According to the internet, we (or someone) will be celebrating "More Herbs, Less Salt Day" on August 29th. The holiday was invented by Wellcat Herbs, a small manufacturer of herbal products in Pennsylvania, and a prolific source of made-up internet holidays.
Before you ditch the shaker, though, the Morton Salt Company would like a word! The clip presented here is the introduction to the 1968 industrial film A Gram of Salt Presented as a Public Service, which explores manufacture of, and the many everyday uses of a wide variety of salt products.
The film was produced for the Morton Salt Company by the Jam Handy Organization. The production house, founded by Olympian swimmer Henry Jamison "Jam" Handy (1886-1983), was a prolific creator of industrial films and theatrical performances, as well as filmstrips and other multimedia instructional materials. This film was one of an estimated 7,000 motion pictures produced by the company between its founding in 1918 and its closure in 1983.
The video is now part of Hagley Library’s Carol Litchfield collection on the history of salt (Accession 2012.219), one of the world’s greatest resources on the subject of salt.

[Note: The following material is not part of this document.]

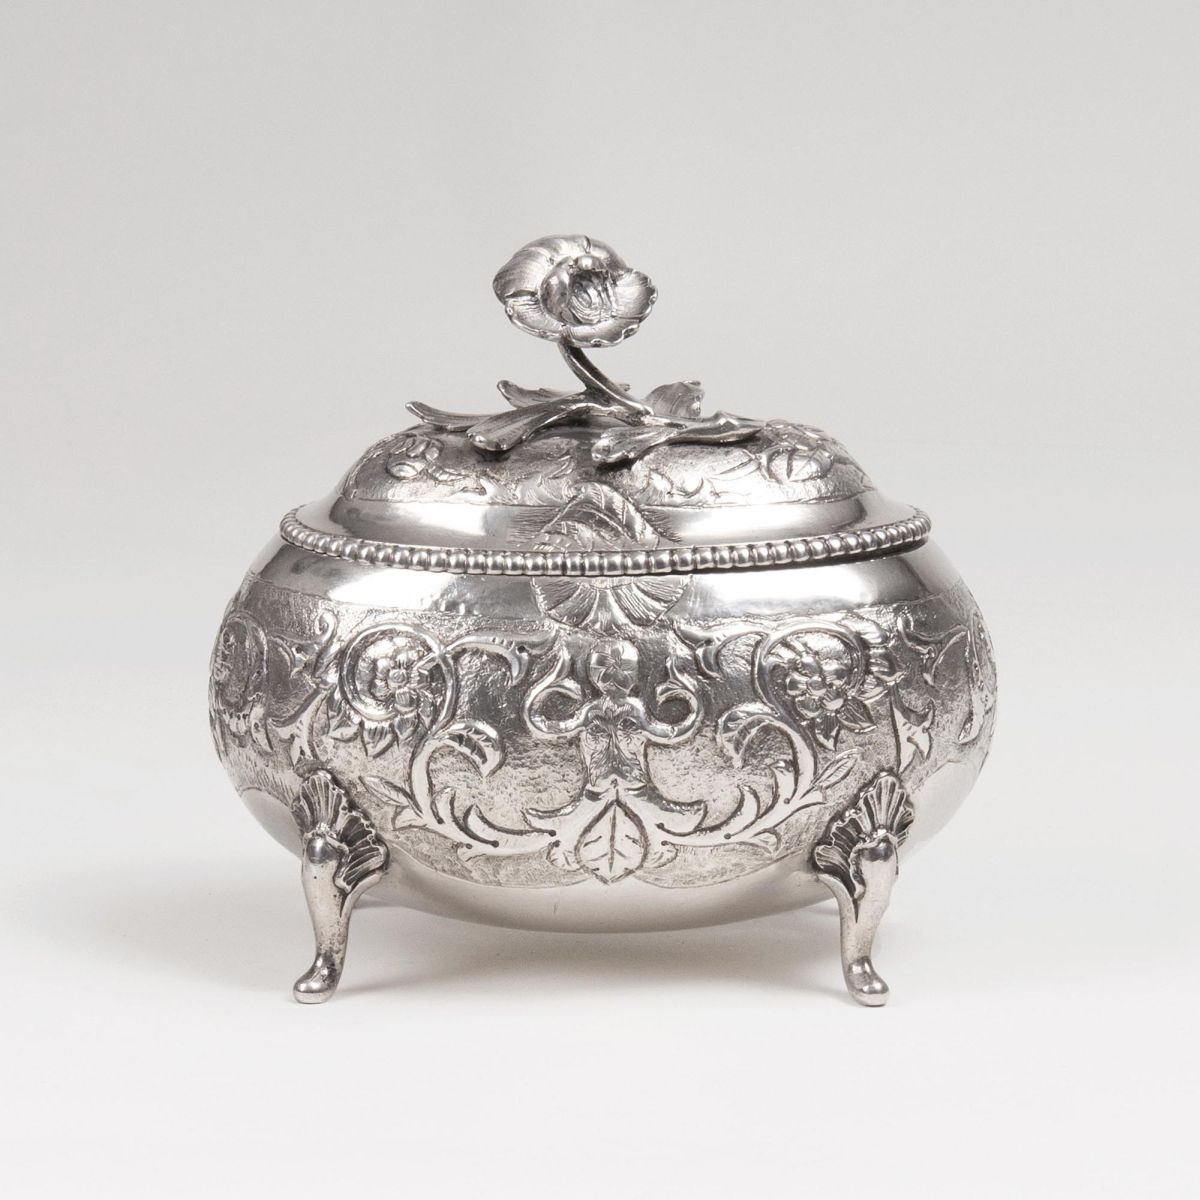 A Rococo Sugar Bowl with floral knob
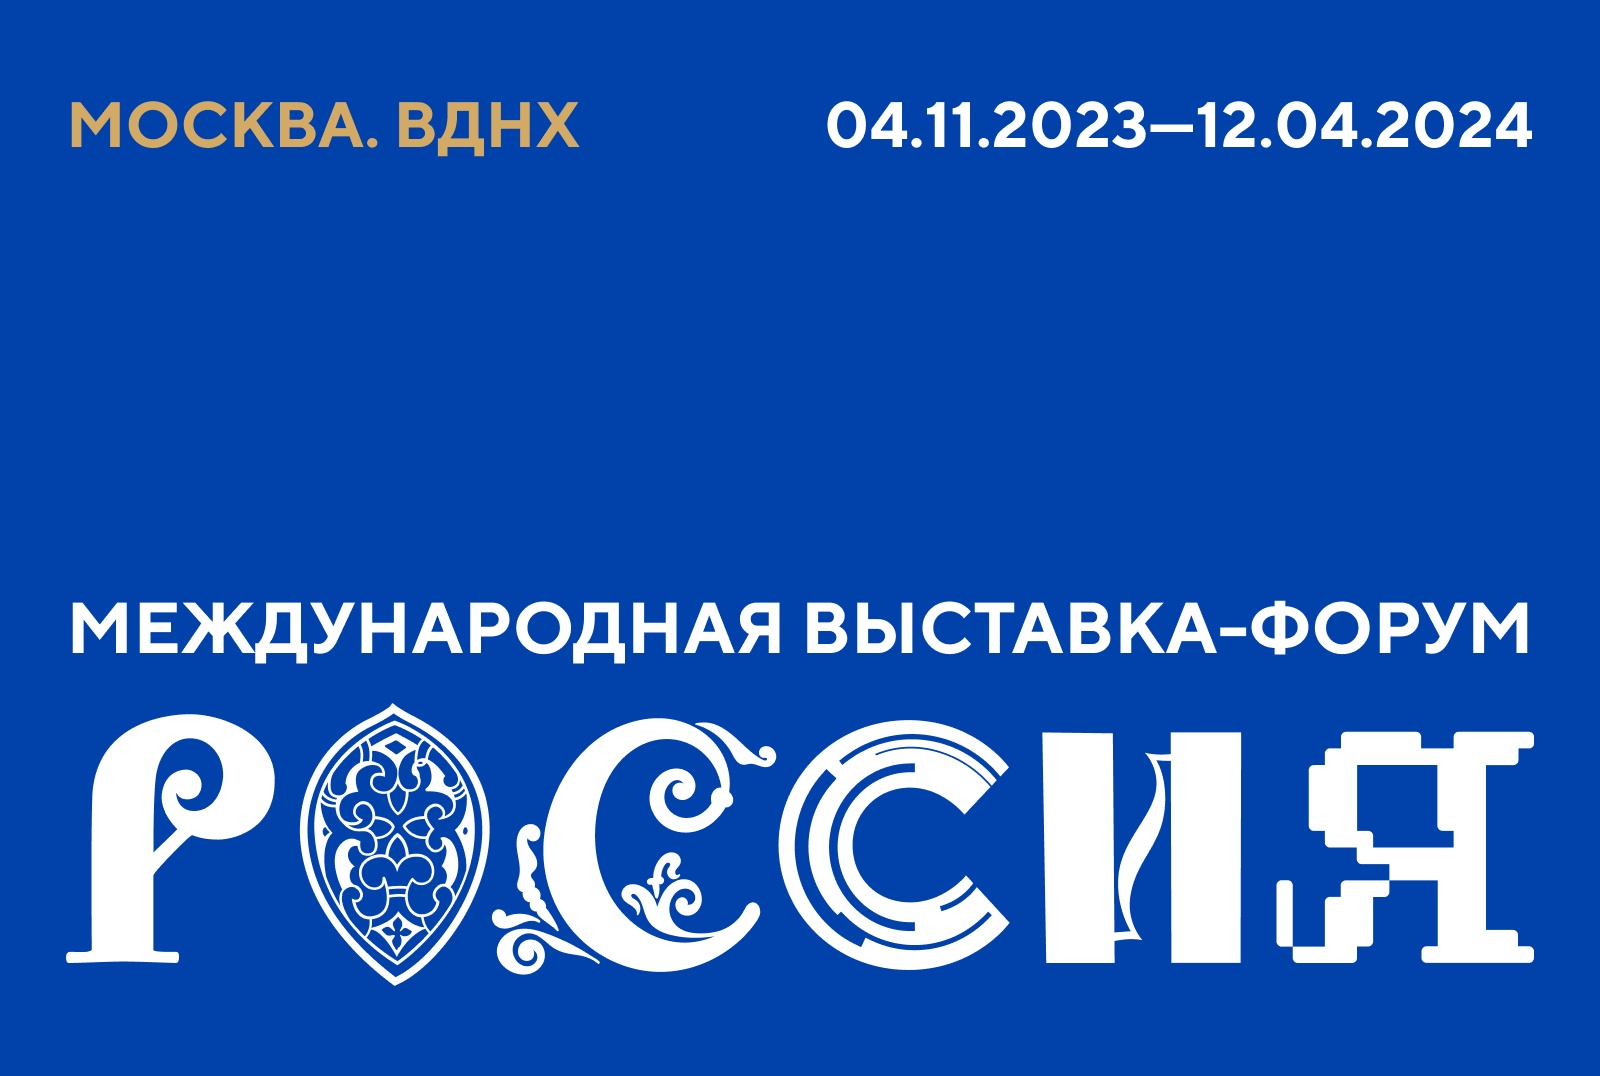 Закрытие Года педагога и наставника пройдет на Международной выставке-форуме «Россия».

Carol Litchfield (1936-2012) earned her Doctorate in Organic Biochemistry in 1969. She was a professor at Rutgers University in the department of microbiology for ten years, until 1980 when she moved to the DuPont Company, first as head of Environmental Toxicology at Haskell Laboratory, and then as Senior Scientist for its bioremediation subsidiary.
Litchfield later started her own consulting company and worked for Chester Environmental before beginning work at George Mason University in 1993, where she remained for the rest of her career working as a professor and research professor for the Department of Biology and Department of Environmental Science and Policy.
Litchfield’s work as a biologist and biochemist specifically focused on halophilic microbiology, that being, microorganisms that live in salt rich environments. Later in her life her interest in halophiles transformed into a fascination with the history of salt. Her collection, which now resides at Hagley, covers a wide range of materials related to salt, from images of salt production and advertisements from salt companies, to salt shakers and actual pieces of salt rock, as well as Litchfield’s own personal papers, research, and work.